Of course, Harbor Air’s planes would use floats, which the seaplane operators’ engineers are helping to design for its application as part of the partnership with Airflow.

“It seems to be the most compatible with our market,” McDougall said. “It’s not a vertical take-off and landing vehicle, but it doesn’t have to be. It can land for takeoff over very short distances because you have five motors on each wing and huge airflow over the wings.

Still, McDougall said he also sees great business potential for eBeavers given the proportion of Harbor Air’s business that involves short flights lasting between 20 minutes and half an hour.

“At the end of the day, though, it’s a small number of beavers in our fleet,” he noted. “We mainly run [19-seat] twin otters and [14-seat] single otters converted. But we will probably have to replace these planes with specially designed electric planes to reach their full capacity.

Although McDougall also noted that the technology as it exists today does not yet support the payload and range capabilities of these aircraft, he said he expects that to change. relatively soon. “Two years is a long time in the business,” he said. “It didn’t last long in aerospace, but today it’s thanks to the advancements that have been made in all of these technologies. And so there are game changers coming and they can change the way we think as we go along. But currently, we think of the Beaver as the kind of entry into electronic flight and use it the same way we do now.

Along with a new battery, the second eBeaver will get a lighter, more compact engine from MagniX, which McDougall said is more compatible with a small plane than the one that powers the first prototype. In fact, Harbor Air has downgraded the one currently flying at 750 horsepower by about half, meaning the Beaver is carrying more weight than necessary, he explained. Unfortunately, MagniX encountered the same supply chain disruptions as Harbor Air and the battery supplier.

“We can’t do anything without the motor and the battery,” McDougall said. “I’m just the guy on the phone here pushing back the dates, but the actual details of what exactly the issues are and exactly what they can’t get I’m not fully aware of. But I do know that that’s what’s slowing us down. We’re excited here; we’ve got the funding; we’ve got the people; we’ve got everything. We’re ready to go.

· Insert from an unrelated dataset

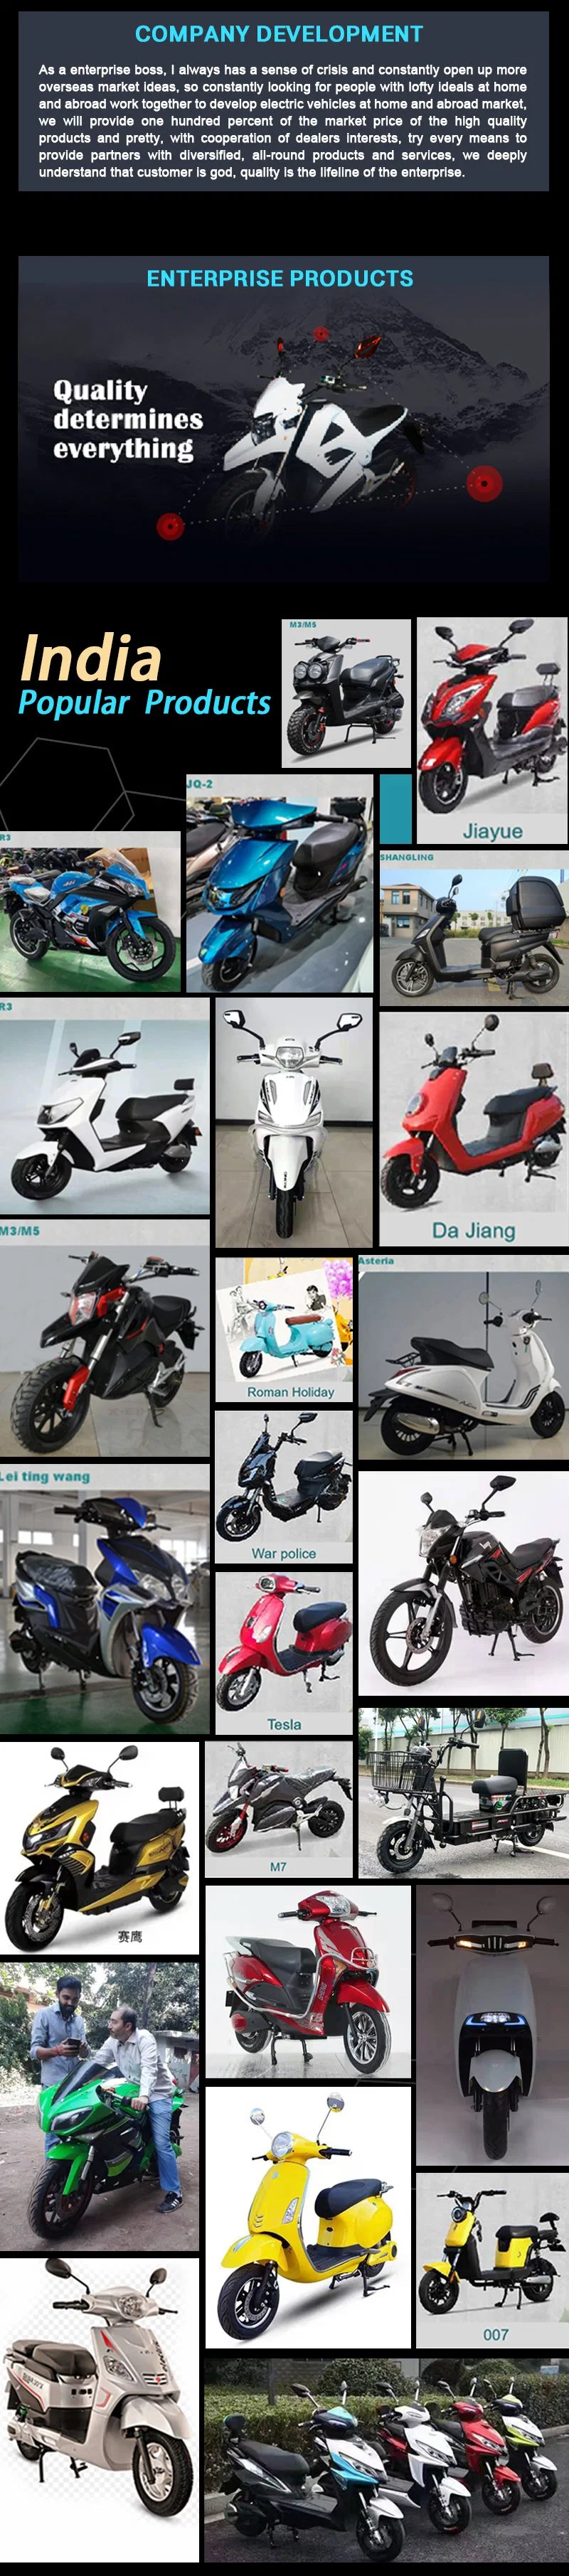 Lithium Btttery 800W Powerful Motor Electric Scooter/Motorcycle Lithium48V20ah Fast Speed

Meanwhile, the first aircraft continues to fly, collecting data on stability, the battery system’s ability to respond to longer endurance flights, building flight profiles for the aircraft in question, and demonstrating reliability of the motor. “The next motor will be pretty much the same build, just a different size,” McDougall explained, “and so a lot of these things are just scale. So the batteries aren’t the ones we’ll be using in 2.0 but they’re plugged into a similar system, so there’s a lot of value in validating the security aspects.

Finally, despite much discussion in industry circles about infrastructure challenges, McDougall said he was less concerned about the need for a charging system network and more about the effect on the overall power grid. Although Harbor Air has little control over the efforts of provincial government-owned power company BC Hydro to meet the additional capacity it will need, the airline is working with the power supplier on its own needs.

McDougall explained that the eBeavers will require a charging station that differs little from the proprietary systems developed by Tesla for its electric cars. In fact, Harbor Air plans to recycle used aircraft batteries at charging stations on its docks.

“What you do to recycle these batteries is you basically turn them into energy storage that can be transmitted on the plane,” he said. “So let’s say you have a rural area that doesn’t have a decent charging infrastructure and only has a regular 120 volt type of household current. Then you would have a charger that would charge that battery that has been taken out of service, and when the plane arrived, you would simply transfer that energy from that battery into the plane.